We will not be focused, like medical societies, on improving the practice of medicine in ways, such as lobbying for laws that change reimbursement and medical licensing. Much of our mission will be around patient advocacy, though we will also focus on very physician-centric issues. For example, our physician wellness collaborative helps physicians find behavioral health care outside of their employers that is non-punitive and provided by peers and people who understand what goes on in the clinical world. We will provide public health support for the community, asking the community what they need and how we as physicians with power, privilege, a voice and maybe some money can do something about it. We hope to provide technical assistance to people who may want to write a grant for an organization to improve health care and may need a doctor to help iron out some of the details. We will provide education around what people with diabetes should do from a diet perspective. We need to have some town hall sessions where people can ask questions. If we are needed to advocate at the legislature, with local insurers or local health systems, we will help.

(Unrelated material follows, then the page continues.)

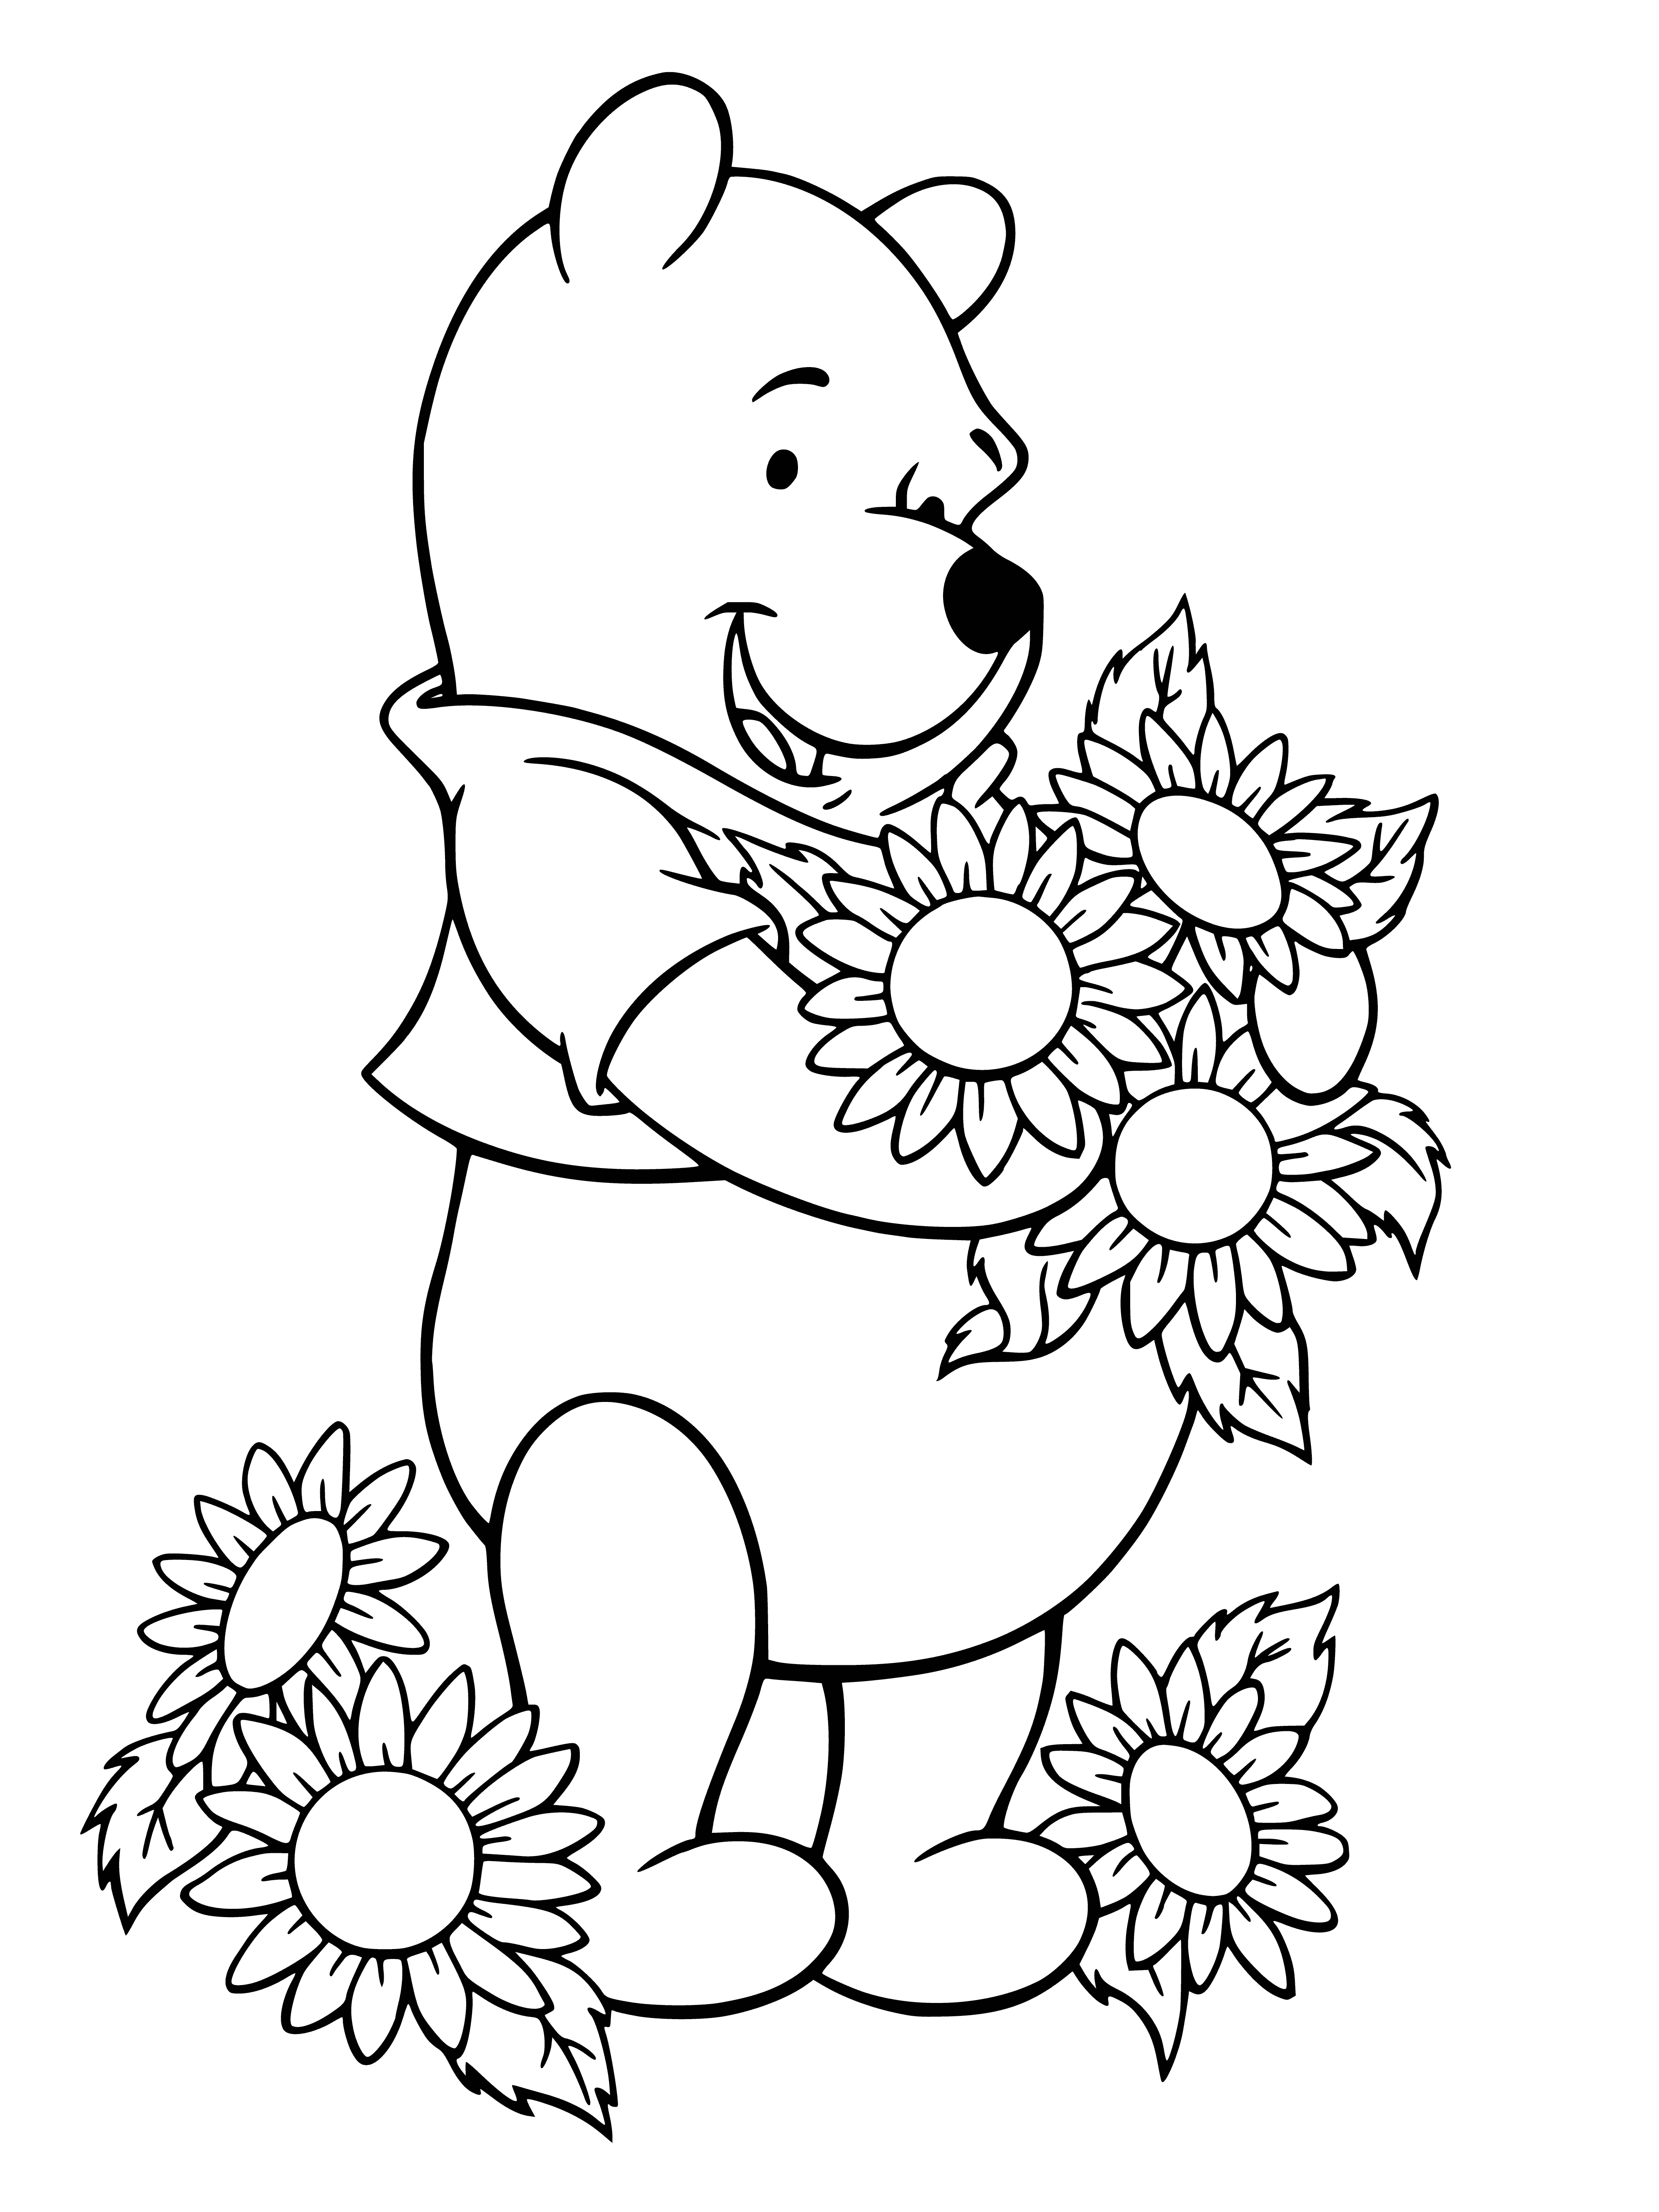 coloring page: Winnie & Piglet sit in a sunflower field, holding sunflowers & smiling at each other.

We’d like to serve the whole state. Our footprint has primarily been in the metro area, but as we continue to grow, we welcome members from Greater Minnesota. They face huge issues of health care access, health care need and health care disparities. These are some of the issues we are addressing. Everyone is welcome to join. So if you live in Bemidji and think there’s something you can do in your community to help public health or help people do better overall, we can provide assistance. If you think some doctors with expertise or wisdom, a voice, power or money could help you help your community, we want to be those people.
Zeke McKinney, MD, MHI, MPH, is the program director of the HealthPartners occupational and environmental medicine residency and an affiliate assistant professor with the University of Minnesota School of Public Health in the division of environmental health sciences.